These easy red velvet cake mix cookies are soft, chewy thumbprint cookies with a creamy white chocolate filling topped with chopped pecans. Super easy and impressive red velvet cake cookies from a box of cake mix and a few simple ingredients.
In a large bowl, whisk the cake mix and cocoa powder together to get rid of any lumps in the cocoa powder.
Add the melted and cooled butter and beaten eggs. Stir with a sturdy spatula or wooden spoon until completely combined.
Chill the dough for 30-60 minutes.
Scoop the dough into 1 tablespoon portions. Use your hands to roll them into a ball. Roll the balls in sugar and place them 2 inches apart on a baking sheet lined with parchment paper or a silicone baking mat.
Use your thumb, a measuring spoon, or the handle of a wooden spoon or other utensil to make an indent in the center of each dough ball.
Bake at 350 for 8 minutes. After baking, the centers will have puffed up. Immediately, and gently, press down the centers again to create a well. Be careful not to press all the way through the cookie.
Cool the cookies for about 5 minutes on the baking sheet, then transfer them to a wire baking rack. Cool completely.
Add the white chocolate chips and cream to a microwave-safe bowl. Heat in 15-second increments until the chips are melted and you can stir them together into a smooth and creamy mixture.
Using a measuring spoon or small spoon, spoon about ½ teaspoon of the white chocolate mixture into the well of each cookie. If the white chocolate mixture hardens, warm it up for a few seconds in the microwave.
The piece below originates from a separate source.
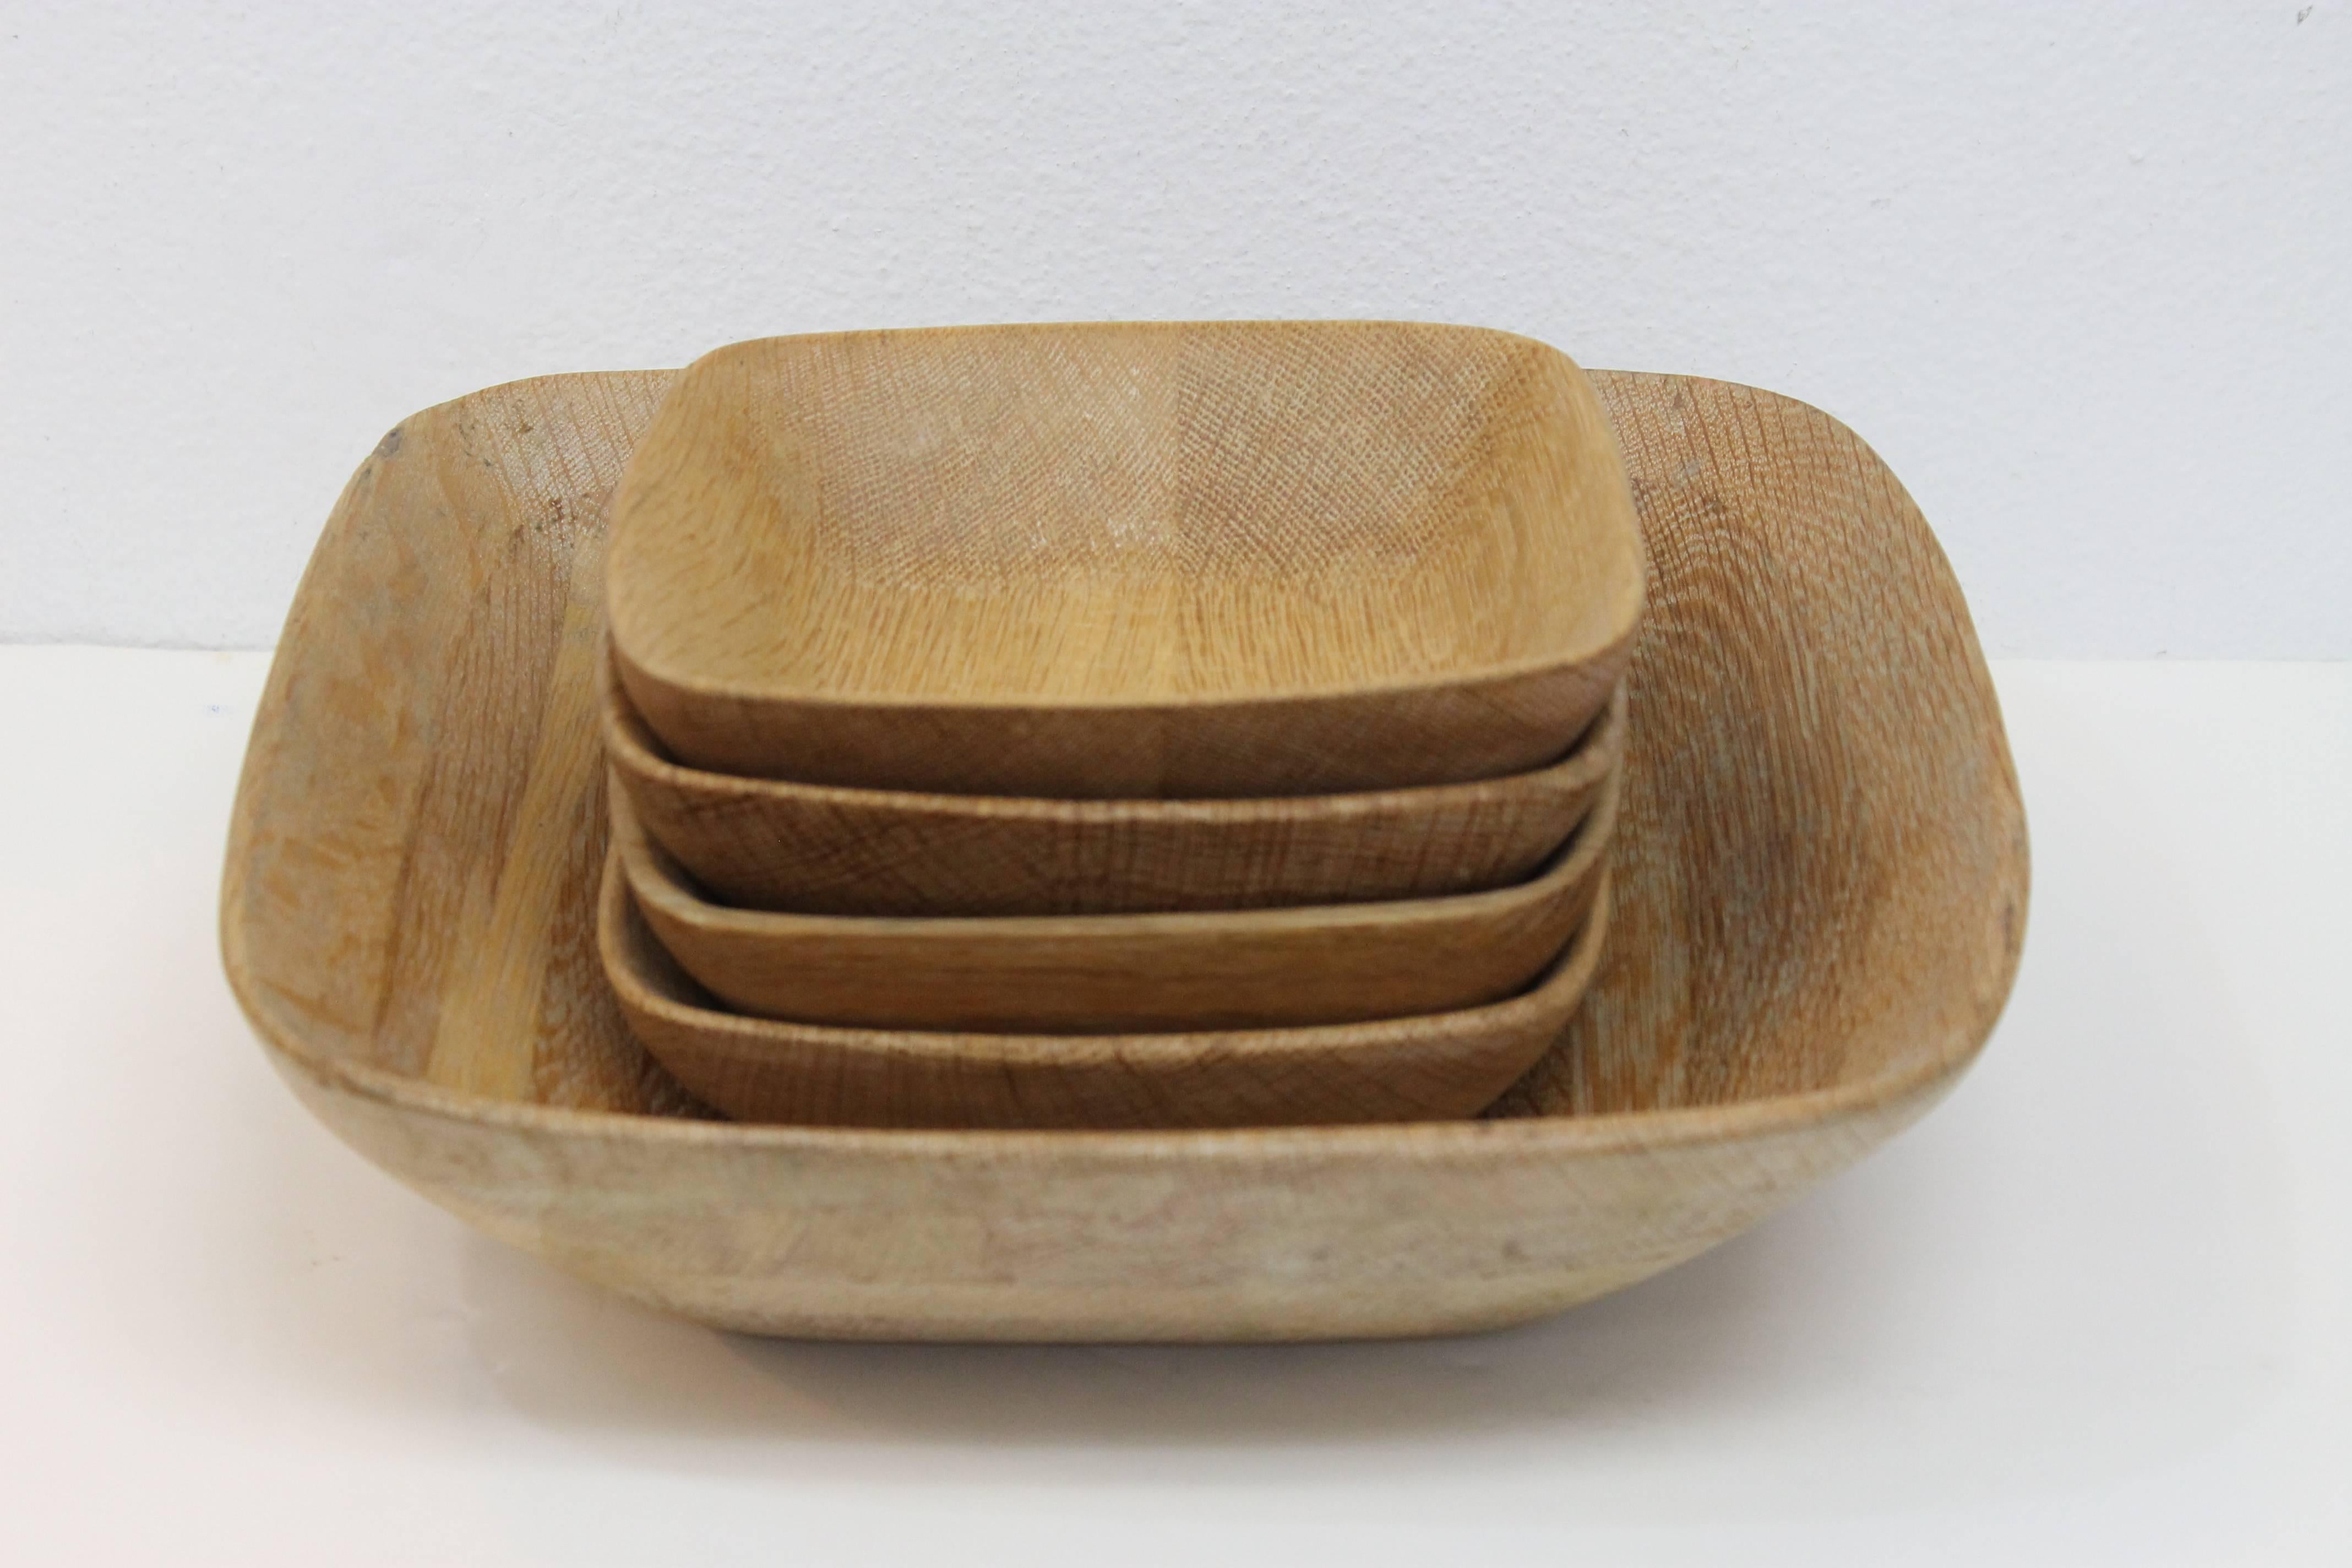 Mary Wright salad bowl set. Part of a wood line designed by husband and wife Industrial designers Russel Wright / Mary Wright. Large bowl measures 11.25

Sprinkle the tops of each cookie with chopped pecans.
The filling will take about an hour to completely set.
Storage & Freezing Instructions
Store cookies in an airtight container at room temperature for 3-4 days or in the refrigerator for up to one week.Store unbaked cookie dough in the refrigerator for up to 2 days.
Make Ahead
Freeze baked cookies in a freezer bag or airtight container for up to 3 months.
Freeze cookie dough in a freezer-safe container for up to 2 months. You can freeze a batch of cookie dough or unbaked cookie dough balls, not rolled in sugar. Thaw dough or individual balls in the refrigerator, then roll them in sugar and bake as directed.
Notes
Let the butter cool before adding it to the cake mix cookie dough.For the smoothest, creamiest chocolate filling, use good quality white chocolate like Ghirardelli.Chill the cookie dough to keep the cookies nice and thick. If your cookies spread more than you'd like, chill the dough a bit longer.Let the white chocolate filling set for at least an hour before stacking the cookies.